» **What you should do**
Copy nothing but the lines below, from the one with "VALVOLA deviatrice RAVENHEAT" through the one with "Festival of Abilities", exactly as written; no pictures should appear.

» **Records for the exercise**
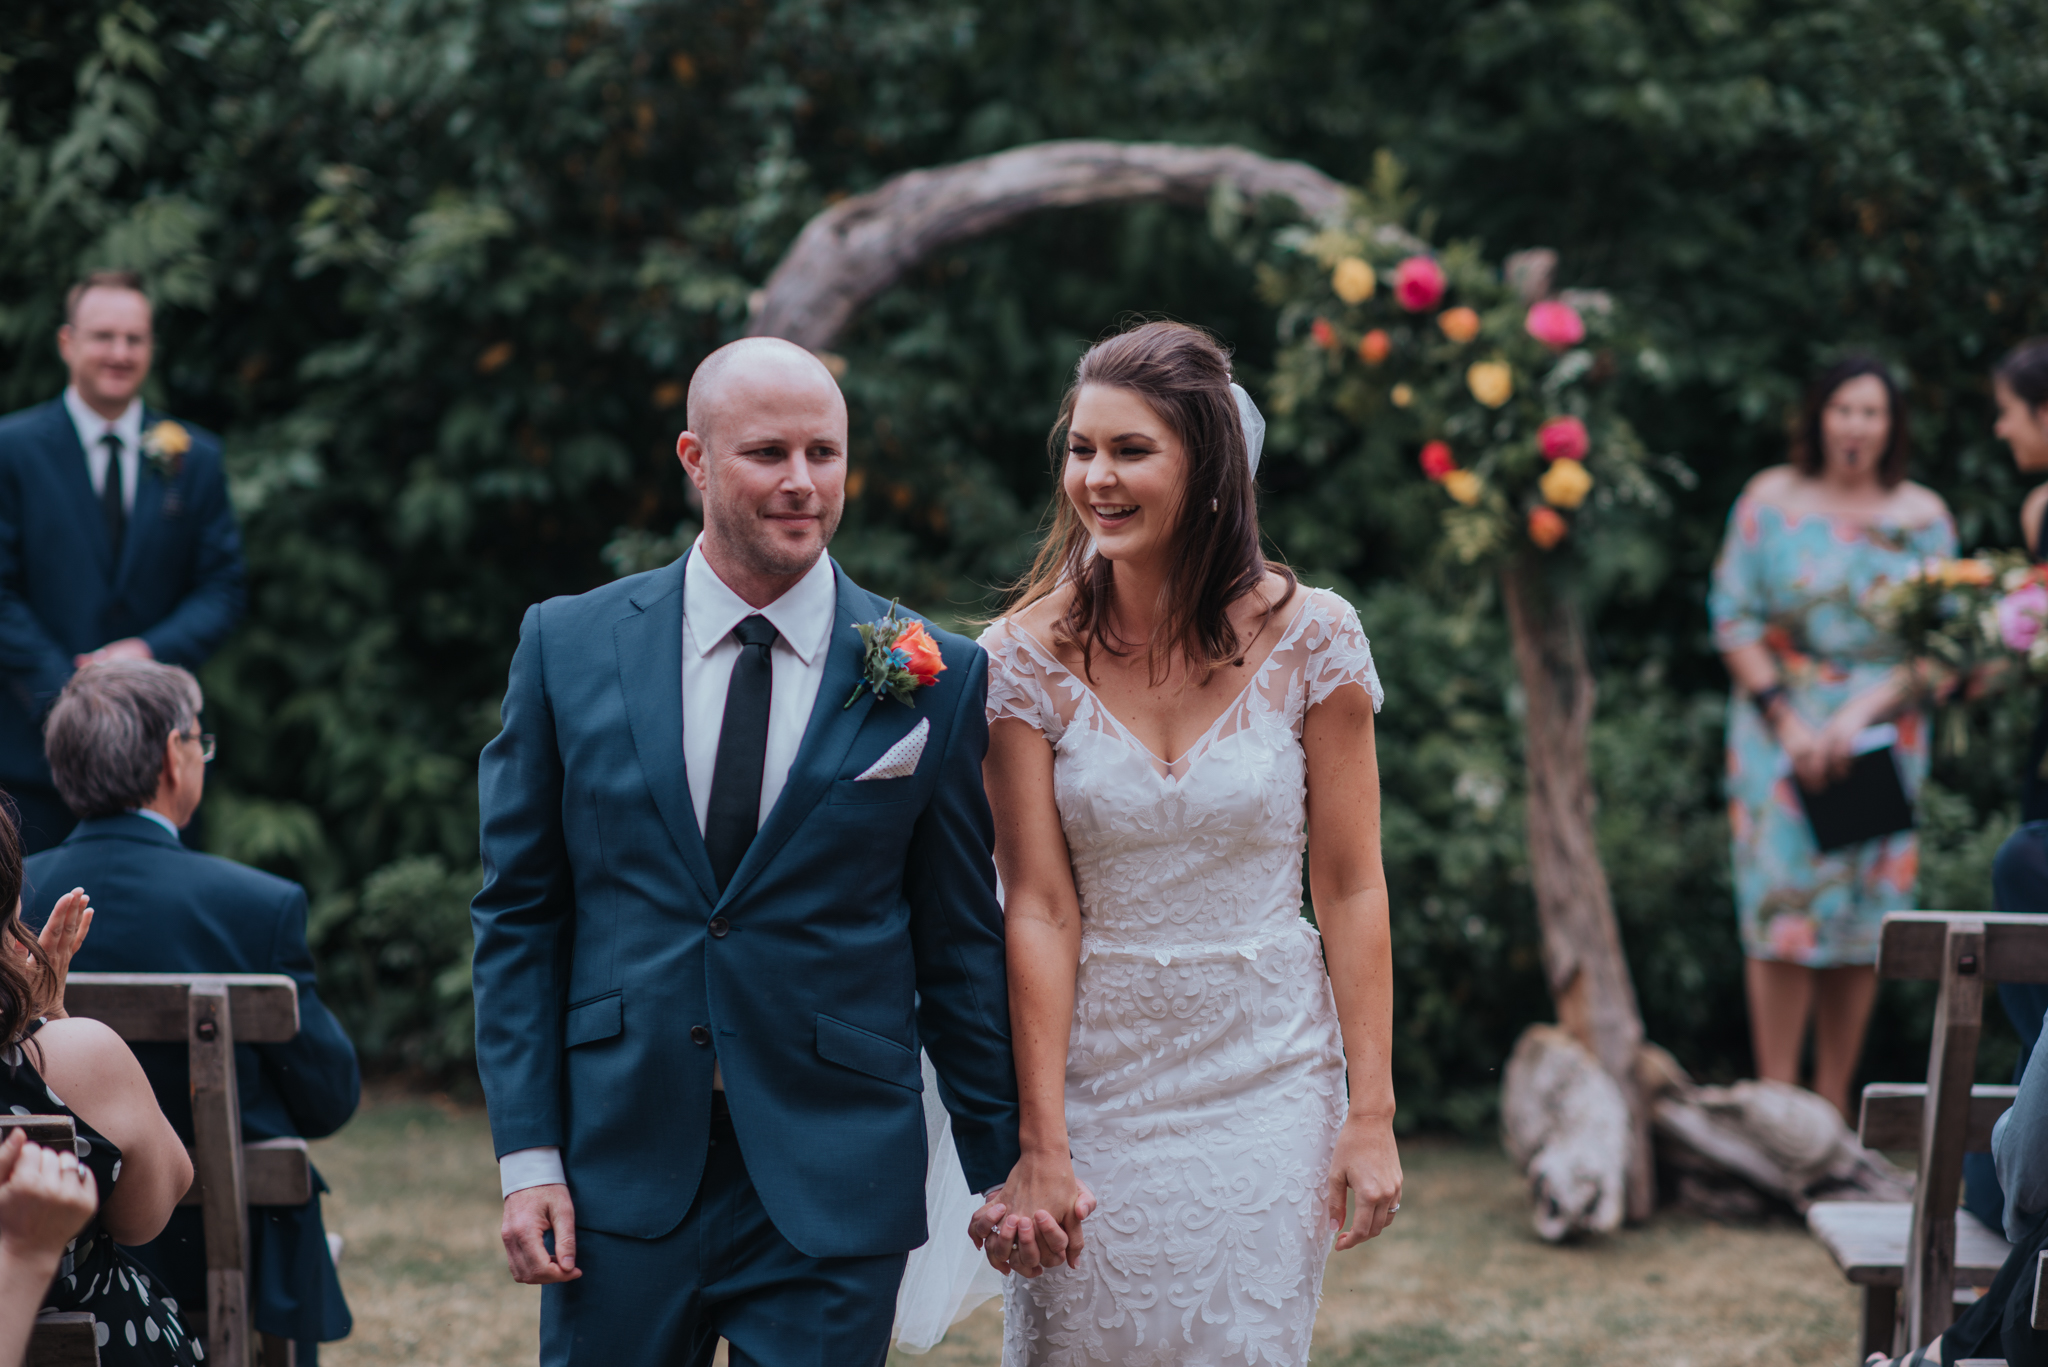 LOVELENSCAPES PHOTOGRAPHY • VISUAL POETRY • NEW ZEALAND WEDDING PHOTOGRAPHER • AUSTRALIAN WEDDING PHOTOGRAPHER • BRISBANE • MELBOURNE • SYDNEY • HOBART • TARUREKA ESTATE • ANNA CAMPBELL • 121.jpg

==

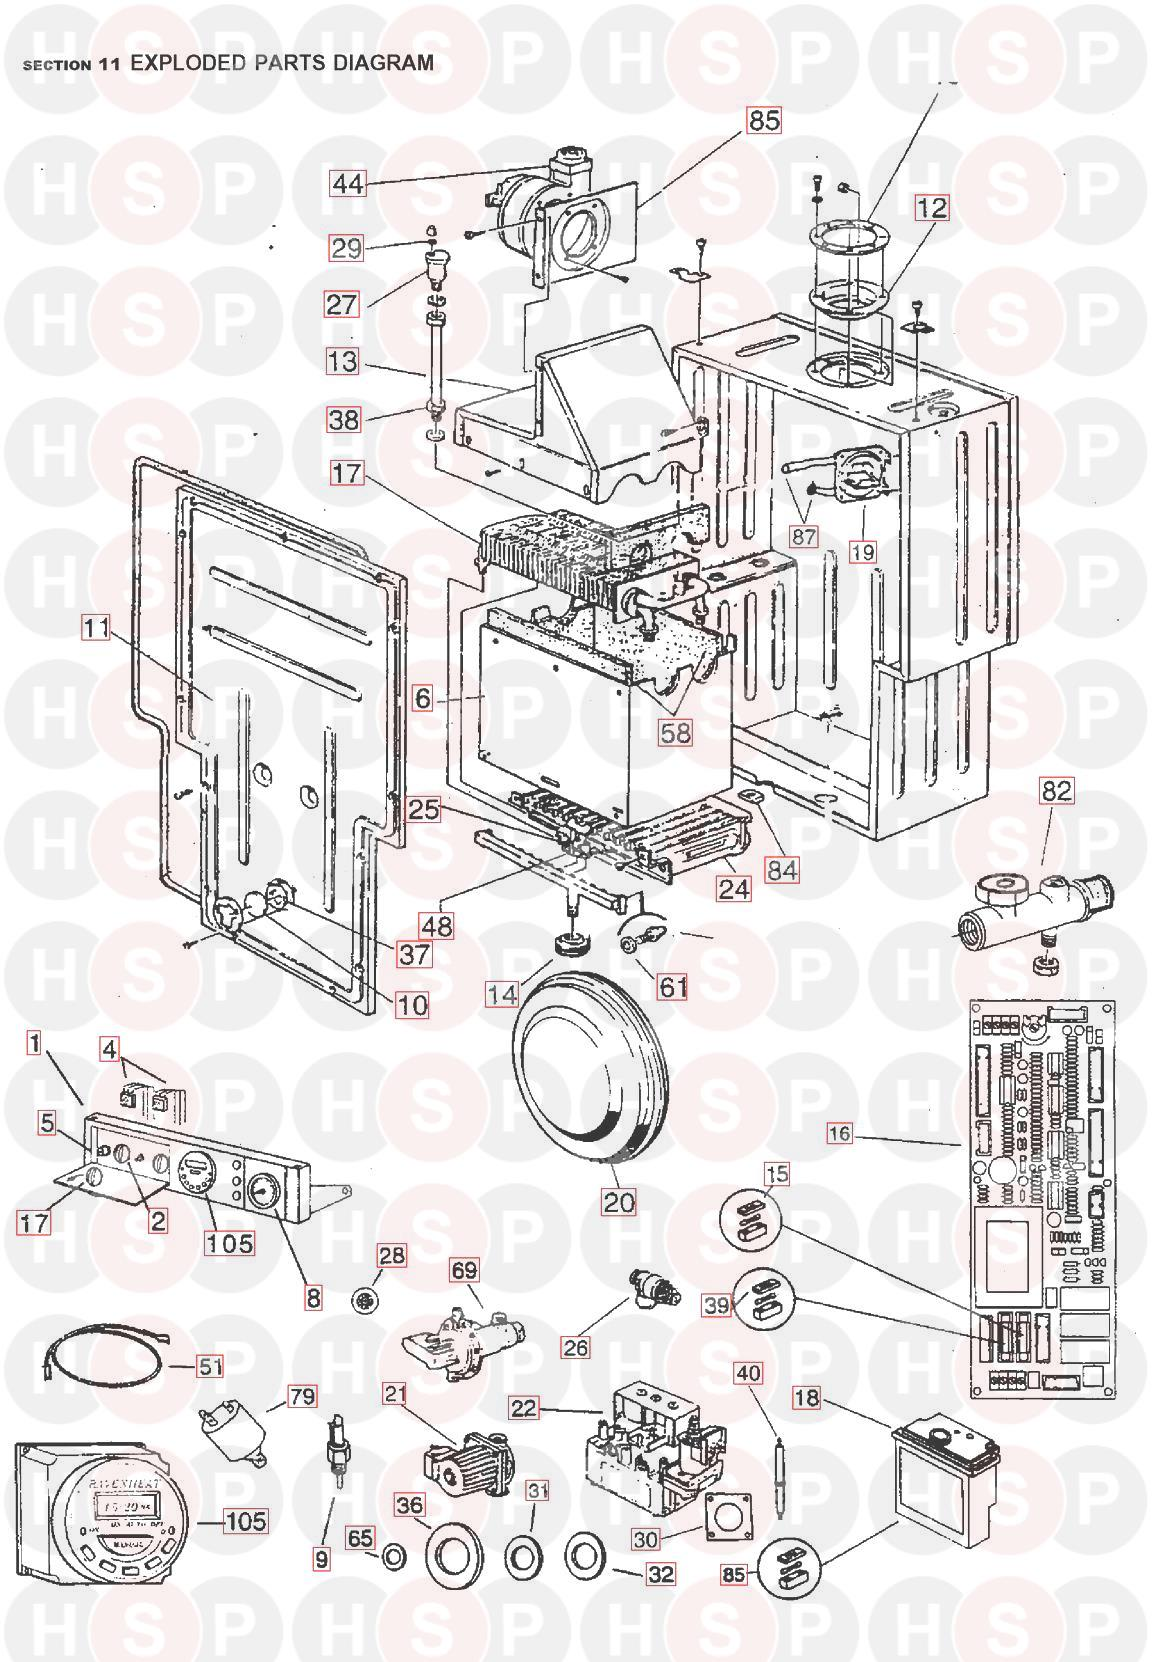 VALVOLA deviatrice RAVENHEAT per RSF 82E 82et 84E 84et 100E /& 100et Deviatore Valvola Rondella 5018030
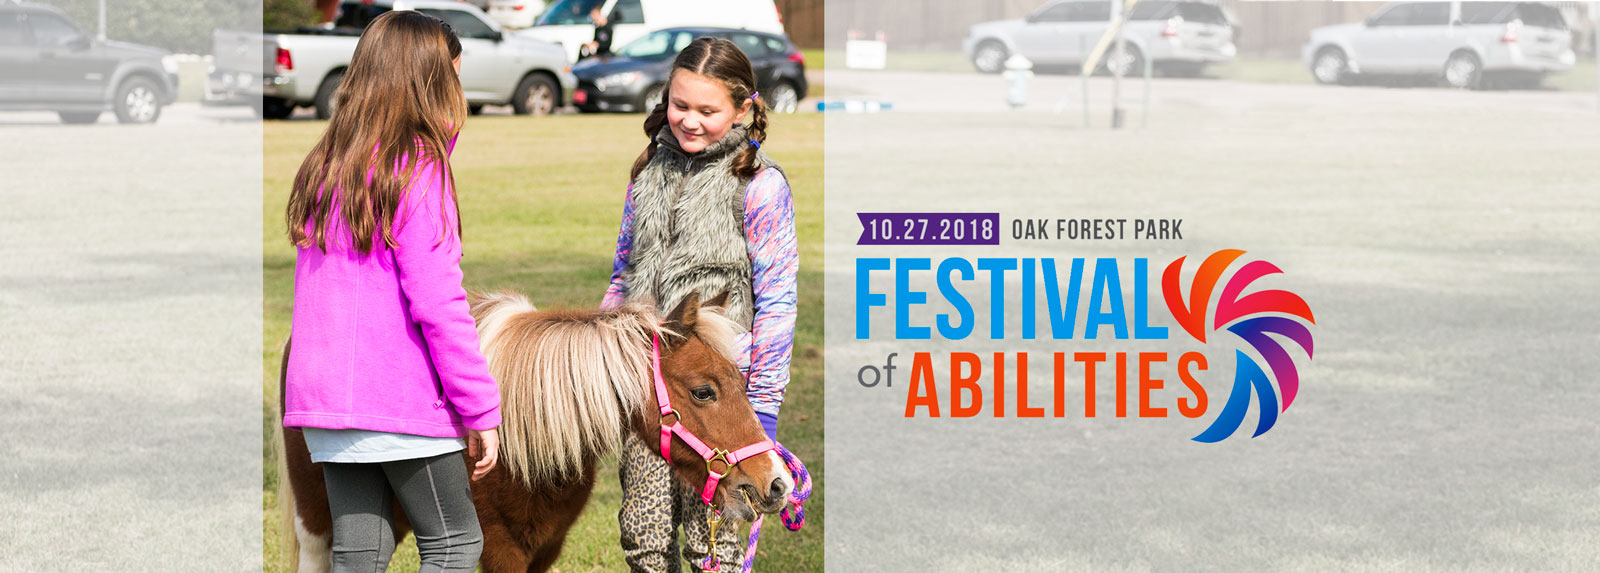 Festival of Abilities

» **Answer to the exercise**
 VALVOLA deviatrice RAVENHEAT per RSF 82E 82et 84E 84et 100E /& 100et Deviatore Valvola Rondella 5018030
 Festival of Abilities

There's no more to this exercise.